Updating JChemManager actually did help -- it now got to 530770 molecules, but it still freezes exactly the same way (i.e. mySQL reports no new structures after a whole 24 hours), only this time the CPU load is 100 (usually about 5000 because of multiple processors on our server) for that process, and not 0 as it was before we updated.

We still could not reproduce the problem, the structures are importing fine for us.


- Please confirm the version you have upgraded to is 5.5.1.0 (we have tried with this version)


- Please let us know your Java version by pasting the output of 


java -version


Also in the JChem Manager GUI: Help -> About


- The value of the CLASSPATH environment variable (if any)


- Do you get the same problem at the same place if you try again ? (Is the error deterministic ?)
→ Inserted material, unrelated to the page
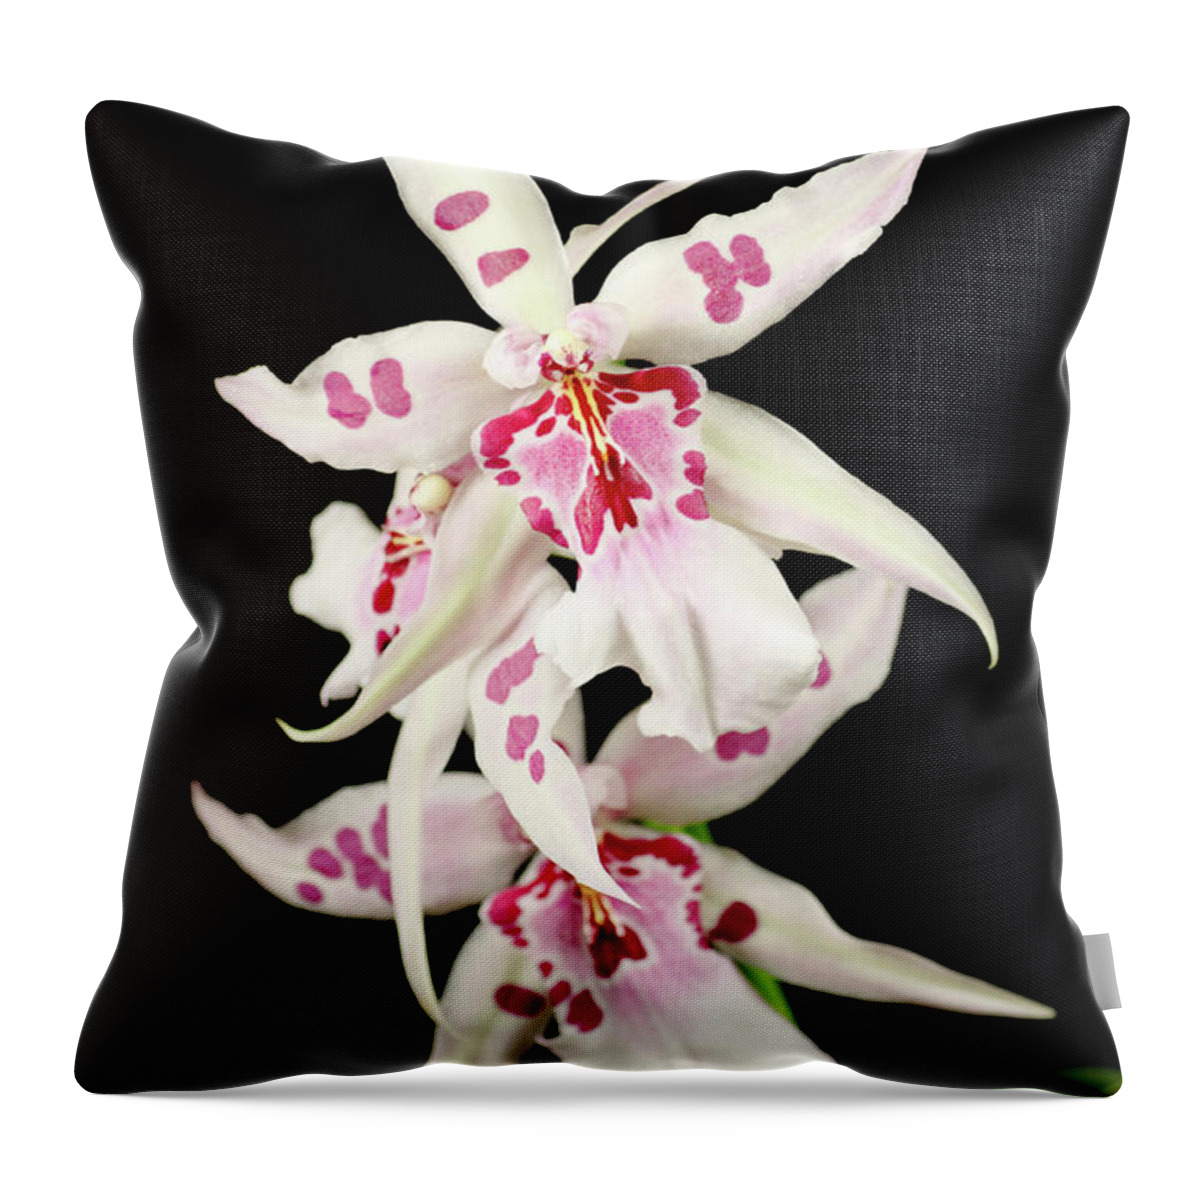 Black Color Throw Pillow featuring the photograph White Orchid Black Background by Imv

- Do you get the same problem if importing from command-line ?


jcman a <table> <file>


- You may also try to import the structures without Chemical Terms columns first, and then add these columns one-by-one (File -> Modify). This will prompt you to calculate the values for the column. 

User 6181a27950

24-08-2011 09:29:52

We are using version 5.5.1.0


Java version:


java version "1.6.0"
Java(TM) SE Runtime Environment (build pxa6460sr7-20091215_02(SR7))
IBM J9 VM (build 2.4, JRE 1.6.0 IBM J9 2.4 Linux amd64-64 jvmxa6460sr7-20091214_49398 (JIT enabled, AOT enabled)
J9VM - 20091214_049398
JIT - r9_20091123_13891
GC - 20091111_AA)
JCL - 20091202_01


There is no CLASSPATH variable in the about box.


I have tried using the command line interface, and it does exactly the same thing, roundabout the same number of structures in the table.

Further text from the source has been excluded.